An SSL Certificate is an encrypted file that is sent from the website to the user’s browser. This file verifies the identity of the website and demonstrates that the connection between the user and the website is encrypted. This extra layer of security guarantees the customer that they are purchasing from a genuine website whose identity has been verified with a trusted source.
If you go to your website and see Not secure message on your browser like in the image below, you do not have SSL installed. If you want to change this unsecured message into the secured padlock symbol, You need to get an SSL certificate for your website. Let’s see how you can get free SSL for your WordPress website. It will make your visitors to trust your website.
You can get free SSL in just five steps using Cloudflare.
Step #1 - Create a Cloudflare Account
Cloudflare is a website that is going to give us free SSL. You need to create an account on Cloudflare. First, go to Cloudflare and click signup. and enter your email and password, then click create an account. Now your account is created.
Step #2 - Add your Website to Cloudflare
Now you need to ‘Add your website to this account.’ So enter your website name (Domain). Then click add site and click Next. Now select the free plan. And click confirm. Then scroll down and click continue. Currently, your website has been added to Cloudflare.

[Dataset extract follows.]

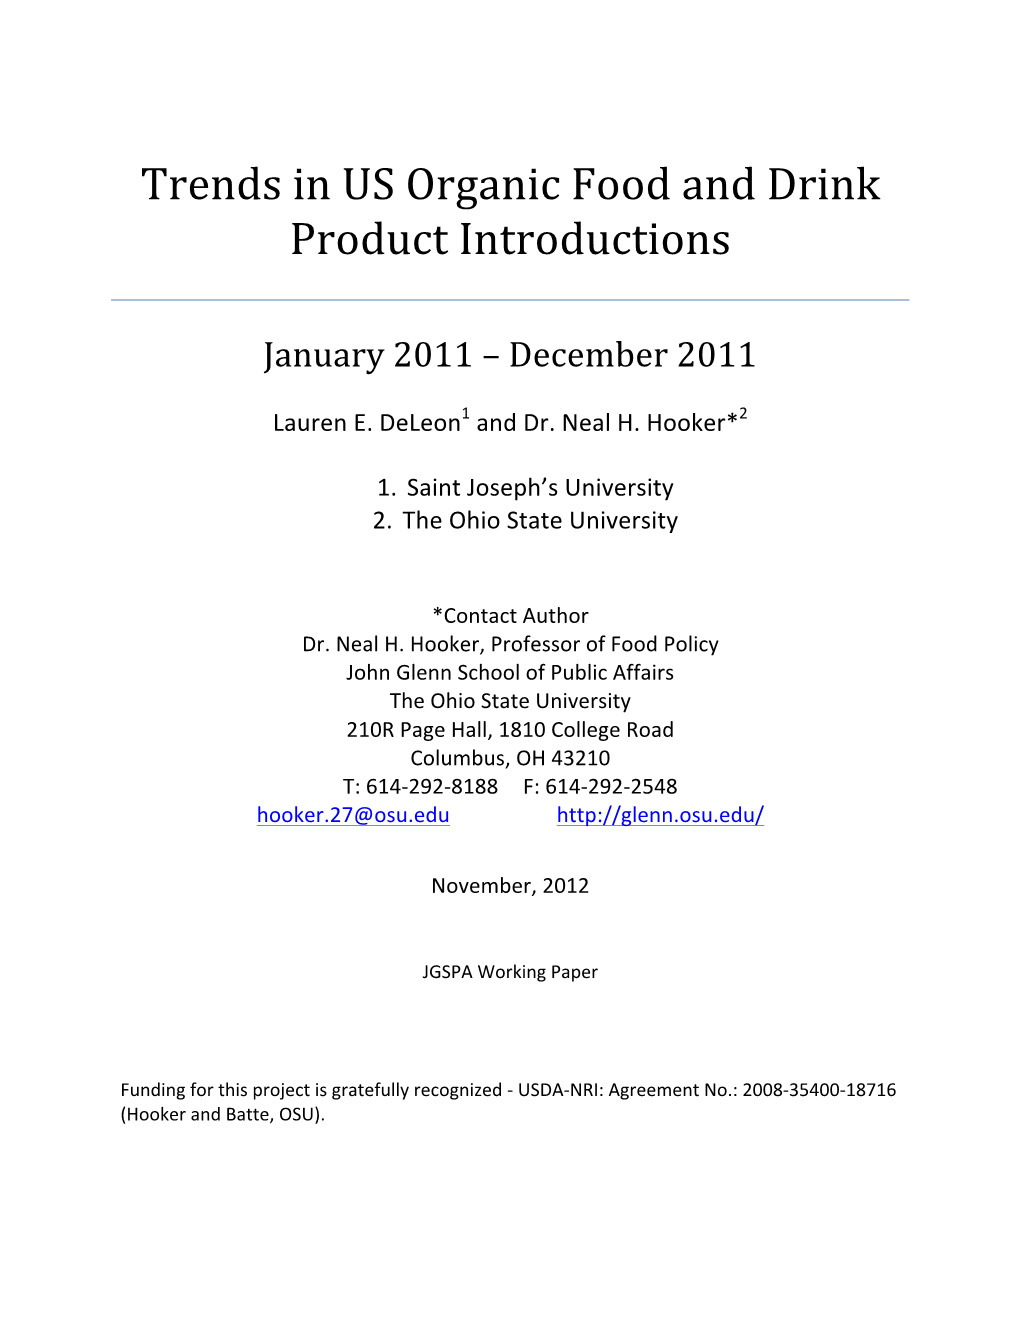 Trends in US Organic Food and Drink Product Introductions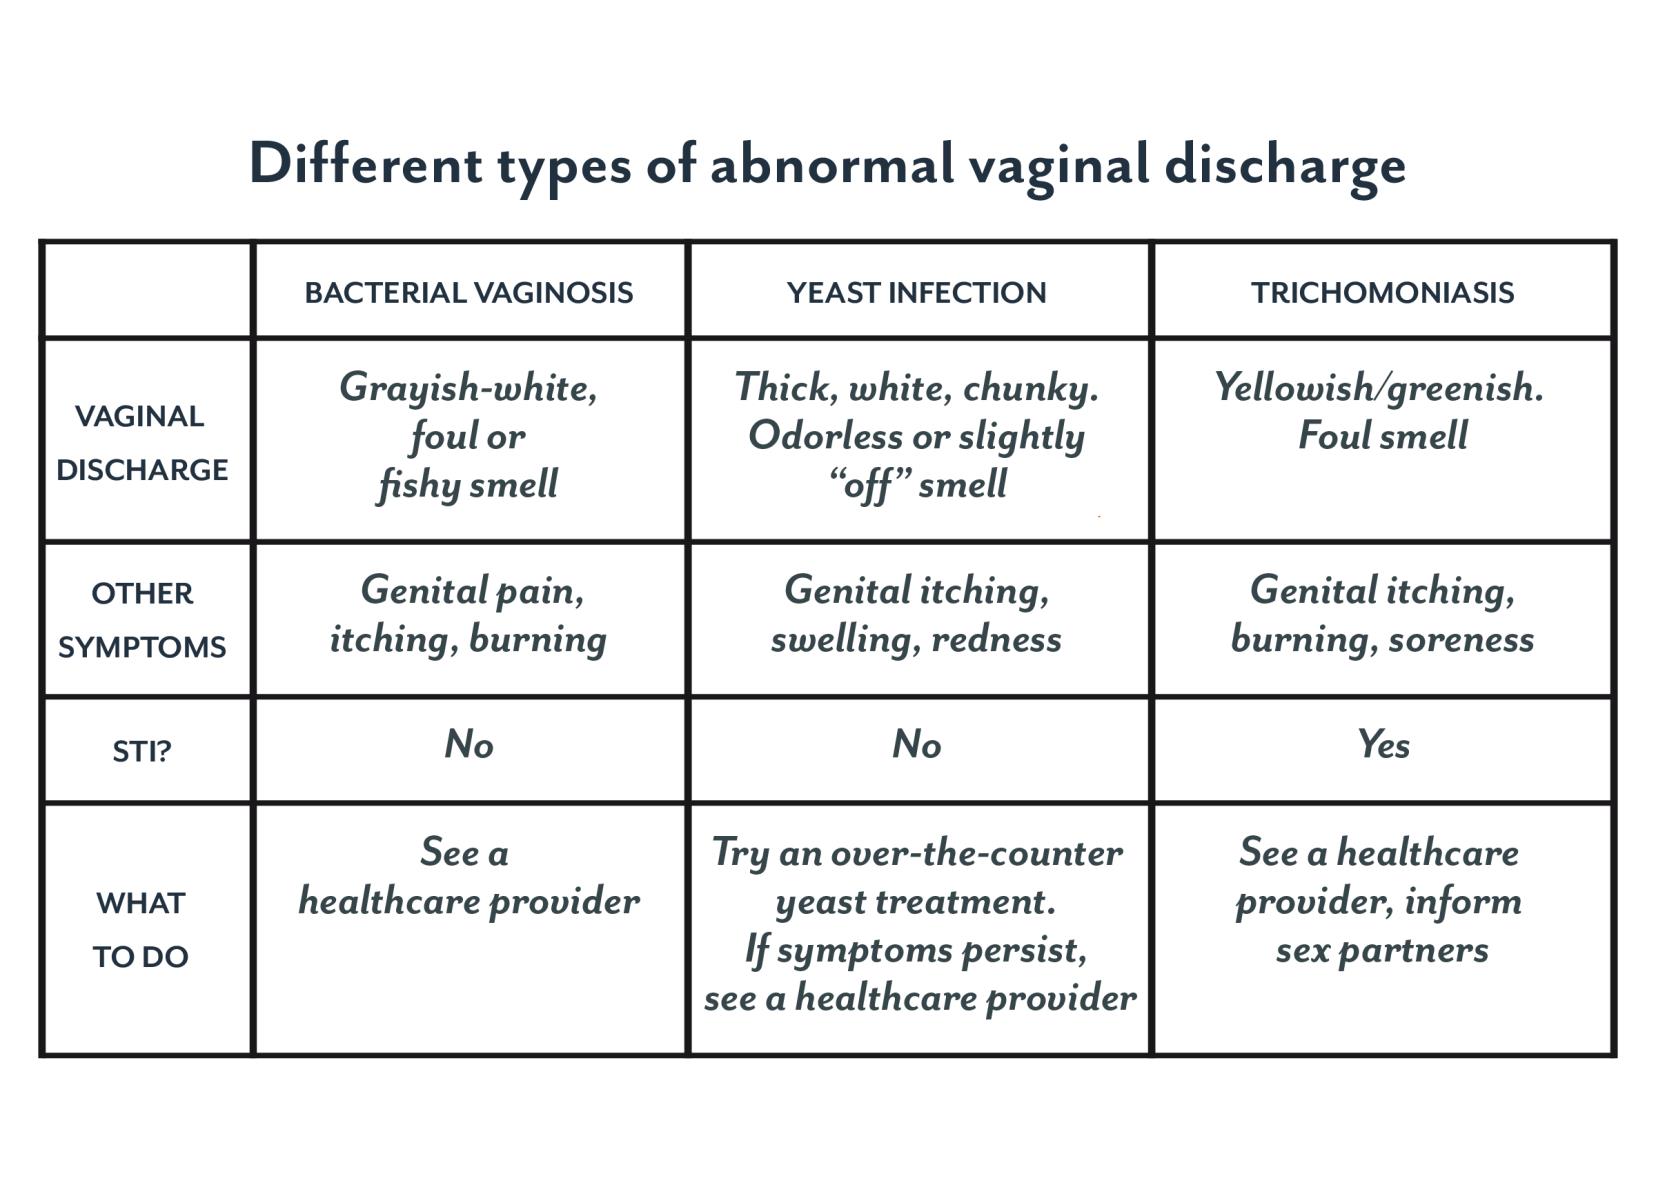 Table showing different types of vaginal infections, related discharge and other symptoms, and what to do.

Step 3 - Change your Nameserver
Cloudflare will give you set of nameservers. You need to add these Cloudflare nameservers to your domain. To do that, you need to first login to your domain provider’s website. So to add these nameservers, if your domain provider is GoDaddy, you need to login to GoDaddy, Then you need to change the nameservers of your domain with the ones provided by Cloudflare. Copy the Cloudflare nameservers and paste them to your domain nameservers. And click save. Now you have successfully added the nameservers to your domain.
Go back to Cloudflare and then click continue. Now check if the nameservers are changed. Click recheck now, and you will get this message. Which means your nameservers have been changed.
Step #4 - Install Cloudflare Flexible SSL Plugin
Install the Cloudflare plugin in WordPress. So to install the plugin, Go to your WordPress dashboard and then go to plugins. And click add new. Search for Flexible SSL. And you will get this plugin. Now install this plugin by clicking install and activate. Now you have installed the Cloudflare plugin in WordPress.
Step 5 - Enable Cloudflare SSL
Go back to Cloudflare website and then click the padlock icon from the menu which says SSL/TLS. Set your Your SSL/TLS encryption mode to Flexible. Now your website is secured with SSL.
If your site doesn’t load properly, wait for a few minutes and then load it from a different device. It will work after a few minutes. These instructions should work for any shared hosting provider out there. If you’re on a VPS with nginx webserver, you might want to refer to Setting up Cloudflare Free SSL for WordPress on Nginx article.